Hope you like it, it will be a long time till I show this hottie off again


----------



## FEast (Jan 13, 2006)

Cat said:


> It just makes me GLOW to participate!!


Ooooh, Cat, you always come up with something so _different_. It's beautiful! Wish I had your talent.


----------



## FEast (Jan 13, 2006)

Boteroesque Babe said:


> Yes. I'm an ass. With a silly ass. But still. I'm mooning you.
> 
> Where's _your_ moon, Mizz Feast?


It's cummin', it's cummin'. Just keep yer britches on, girlie. It's been a mighty busy day in my necka da woods.


----------



## FEast (Jan 13, 2006)

ClashCityRocker said:


> my ass is shown. well, not bare...but it's there. i think i'm gonna just make my profile picture a different ass shot every week, just to keep things lively.
> 
> aaron£


Woo hoo! Next time, how 'bout droppin' trou...?


----------



## Sandie_Zitkus (Jan 13, 2006)

Ok ok ok stop begging. It's up.


----------



## Carrie (Jan 13, 2006)

ClashCityRocker said:


> well, not bare...but it's there. i think i'm gonna just make my profile picture a different ass shot every week, just to keep things lively.
> 
> aaron£



I wholeheartedly second that motion. In um...the interests of preserving the democratic system and all. 

Yes, that's it.


----------



## MissToodles (Jan 13, 2006)

Cat, it's like you swallowed a gallon of barium! Neat photo.


----------



## Sandie_Zitkus (Jan 13, 2006)

ClashCityRocker said:


> my ass is shown. well, not bare...but it's there. i think i'm gonna just make my profile picture a different ass shot every week, just to keep things lively.
> 
> aaron£




That's just so unfair. And so HOT!


----------



## Jes (Jan 13, 2006)

Carrie said:


> I wholeheartedly second that motion. In um...the interests of preserving the democratic system and all.
> 
> Yes, that's it.



For research purposes only.

Is it bad to have repped someone on the basis of ass alone?


----------



## FEast (Jan 13, 2006)

Okay, I don't have any of my gawjus ass on my hard drive yet (I'll see what I can do for you next time around; have so many of my models' asses on my h/d, there's no room for mine!  ). However, a friend recently gave me some old photos that I haven't put away yet, and this one seems perfect for this project...in the "act like an ass" category.

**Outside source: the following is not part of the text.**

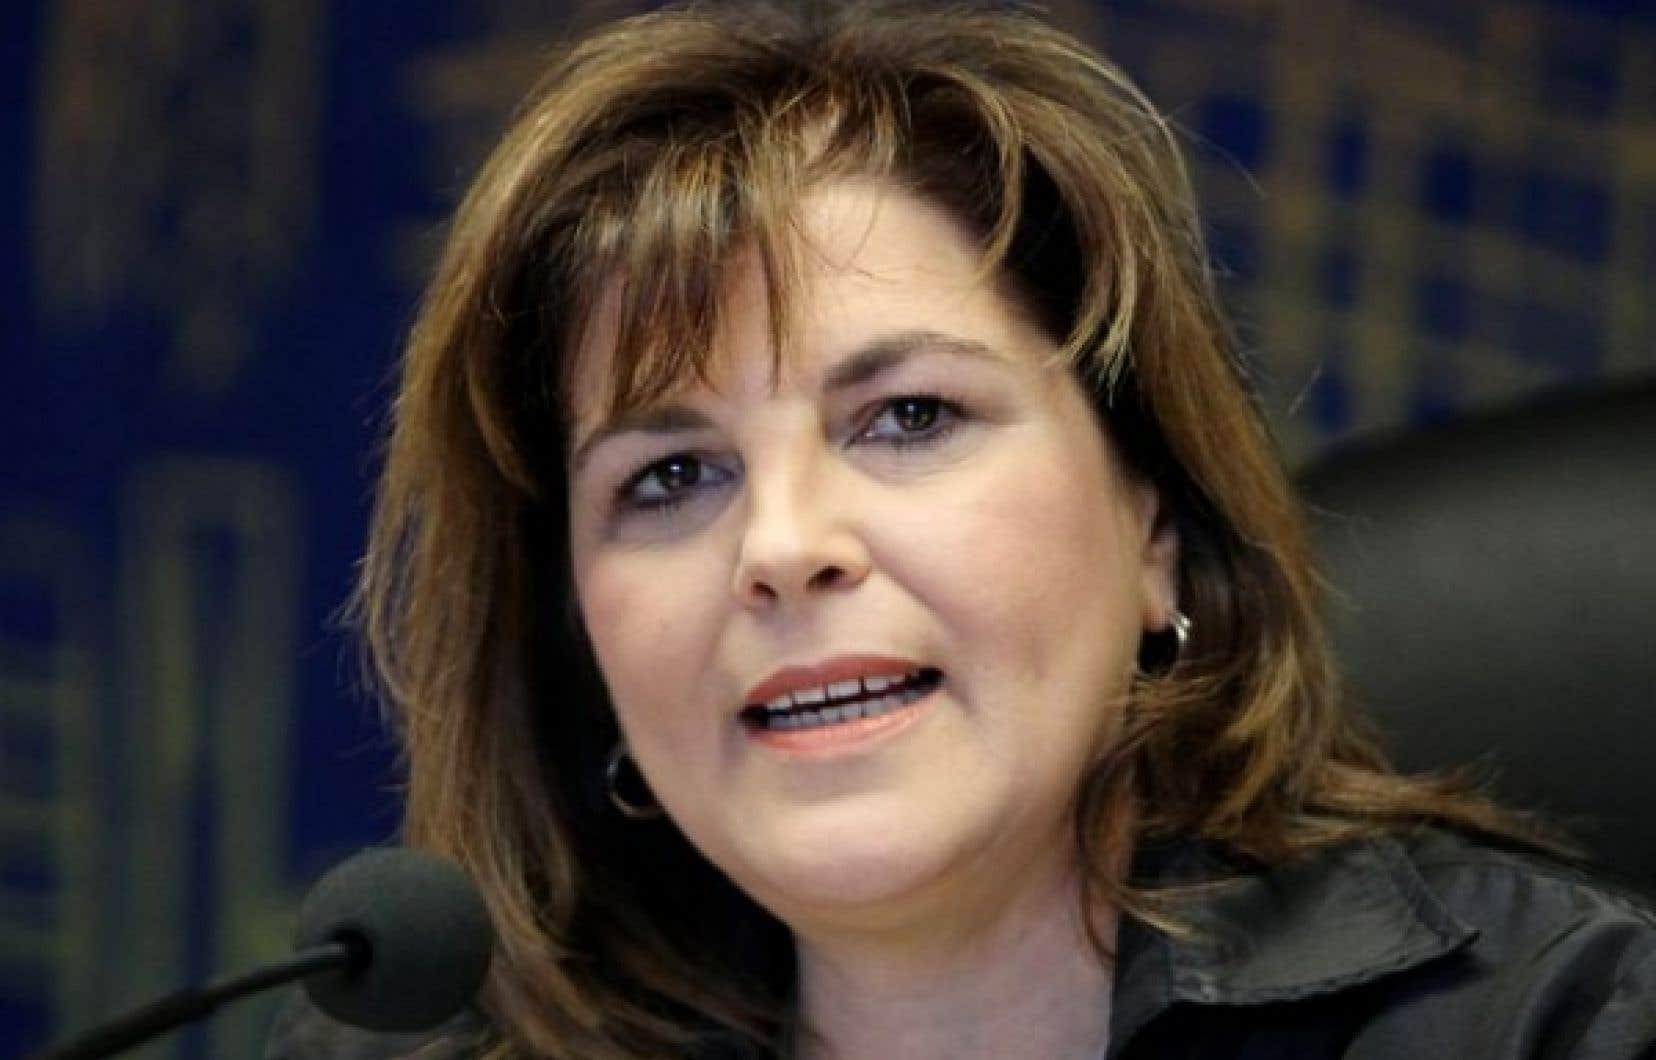 Diane Lemieux, qui a été directrice du cabinet du maire de Montréal Gérald Tremblay entre novembre 2009 et décembre 2010 dit ne jamais avoir été témoin d'actes de collusion ou de corruption dans le domaine de la construction.

I hereby dedicate it to BB, who started this whole mess.  What the heck, I might even leave it up for more than a day. Can you imagine the shock on the face of anybody who decides to check my profile a few months from now?  

Don't forget to click here. You'd better, or I'll put a hex on you, I will!


----------



## Carrie (Jan 13, 2006)

Jes said:


> For research purposes only.
> 
> Is it bad to have repped someone on the basis of ass alone?



Only if it's bad to have repped someone on the basis of his back and shoulders. 

Hypothetically speaking, of course.


----------



## Boteroesque Babe (Jan 13, 2006)

Jes said:


> Is it bad to have repped someone on the basis of ass alone?


When you haven't yet repped the selfless purveyor of all these fine asses? The Mother Theresa of ass? The Miss Kitty of asspitality? I'm gonna go with "yes."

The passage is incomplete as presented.